Interdisciplinary Note (8 of 17)
Thermodynamics drives protein folding. Protein folding is spontaneous. It represents a free energy decrease. Everyone learns this, but what does it really mean? Free energy is the thermodynamic state function that keeps track of how a change in a system affects the entropy of the universe. When the free energy of a system is decreasing, that means the entropy of the universe is increasing. The change is irreversible, in other words, spontaneous. How does a state function of the system keep track of the universe? The free energy function keeps track of both the system's own entropy (ΔS) and it also keeps track of entropy changes to the surroundings due to heat flow (-ΔH/T). If the free energy change (ΔG = ΔH - TΔS) is negative, that means that the combination of these two factors is increasing the entropy of the universe (system + surroundings), and the change is spontaneous.

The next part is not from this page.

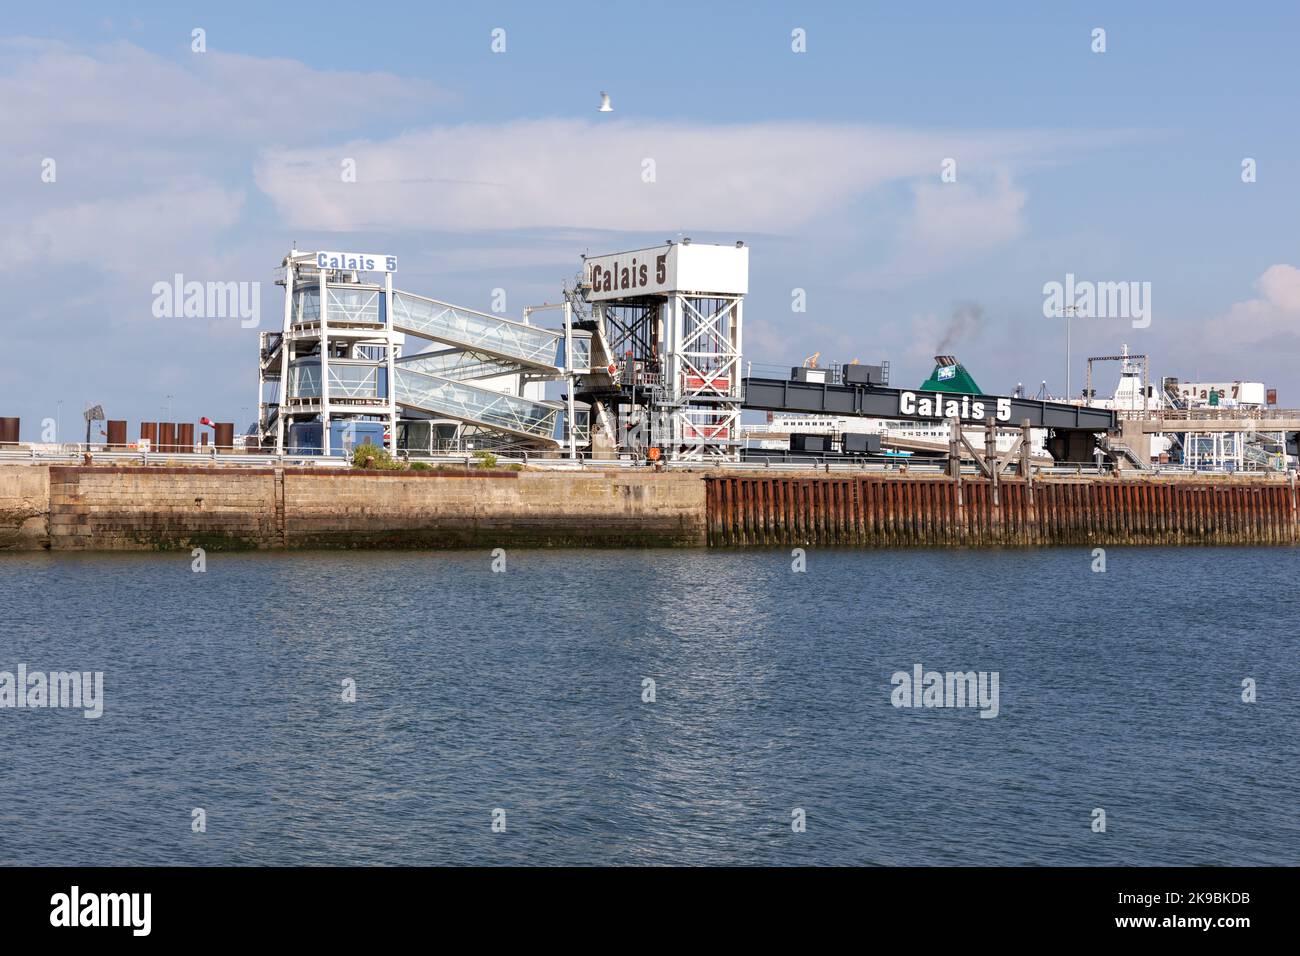 Port Boulogne Calais, port de commerce, plaisance, et Ferry

Where do you find free energy change in protein folding? Firstly, there is the enthalpy decrease. That's the easiest to see. As hydrogen bonds and salt bridges form, opposite charges close separation. This represents a decrease in electrostatic potential energy, a decrease of internal energy in thermodynamic terms. By the 1st law of thermodynamics, this internal energy decrease becomes heat flow into the surroundings. That heat flow is not going to turn around and unfold the protein again because it has brought entropy to the surroundings. This is why exothermic reactions tend to occur with negative free energy change (ΔG = ΔH - TΔS).
It''s a little trickier to see the change in entropy of the system (ΔS). At the basic level, it's easy to see that the folded protein is losing configurational entropy versus the random coil as it folds. The protein is becoming much more constrained in terms of its degrees of freedom. The bonds on each side of the central carbons of each residue (save proline) around which rotation is possible in the unfolded state have become constrained φ and ψ angles in the native state. This is an entropy decrease, an increase in order, that, in a sense, the heat flow into the surroundings is paying for.
Note that some proteins may maintain disordered subdomains in their native form. An important theme in protein folding dynamics are proteins with disordered binding domains in the native state. You will see this in some proteins with multiple binding partners such as calmodulin or NF-κB, where the binding domain does not become ordered until binding.
So as the protein folds, its enthalpy decreases, contributing to free energy decrease. However, its intrinsic entropy is decreasing too. The protein is becoming more orderly. This ordering of the protein, by itself, would be a free energy increase. For some proteins this is the way to see it. The enthalpy decrease as opposite charges come together in hydrogen bonds and salt bridges pays for the free energy increase in the ordering of the protein. However, for a great many globular proteins there is another important factor, which is the effect on the entropy of water in the hydration layer due to the retreat of hydrophobic residues into the center of the folded protein away from water. For AAMC, this is the kind of issue right on the edge of expected foreknowledge, a figure of merit on one of the half dozen genuinely sophisticated questions that can show up in the exam. Basically, when a hydrophobic residue is on the periphery of a protein, there are water molecules which are forced to be in contact with it. The water molecules don't direct their poles in the direction of the hydrophobic residue. To maximize hydrogen bonding, around the hydrophobic residue, the water molecules direct their poles laterally towards each other, forming a kind of cage around the residue. This imposes order on the water and is known as entropic penalty. Thus, when a protein folds and the hydrophobic residues retreat to the center, the water in the hydration layer increases in disorder. This aspect represents an increase in the entropy of the system, encouraging the protein to fold.
In summary, the loss of configurational freedom of the protein represents an entropy decrease (part of ΔS). The greater order of the folded protein is a thermodynamic obstacle working against folding. The gain of configurational freedom for the water in the hydration layer as hydrophobic residues retreat to the center of the folded protein is an entropy increase (another part of ΔS). This promotes the folding. The heat flow into the surroundings is an entropy increase too, but for the surroundings, and this also favors spontaneous folding. (This change in entropy of the surroundings, remember, is not ΔS. That's the change in the system's entropy. The change in entropy to the surroundings equals -ΔH/T. The surroundings gain entropy due to heat flow). The entropy change to the universe gathers both of these up as -ΔG/T, which equals -ΔH/T + ΔS (You can get this from the familiar formula ΔG = ΔH - TΔS) To say that the free energy change is negative for the protein to fold is equivalent to saying that the entropy of the universe is increasing as it folds. That's why it happens spontaneously (irreversibly).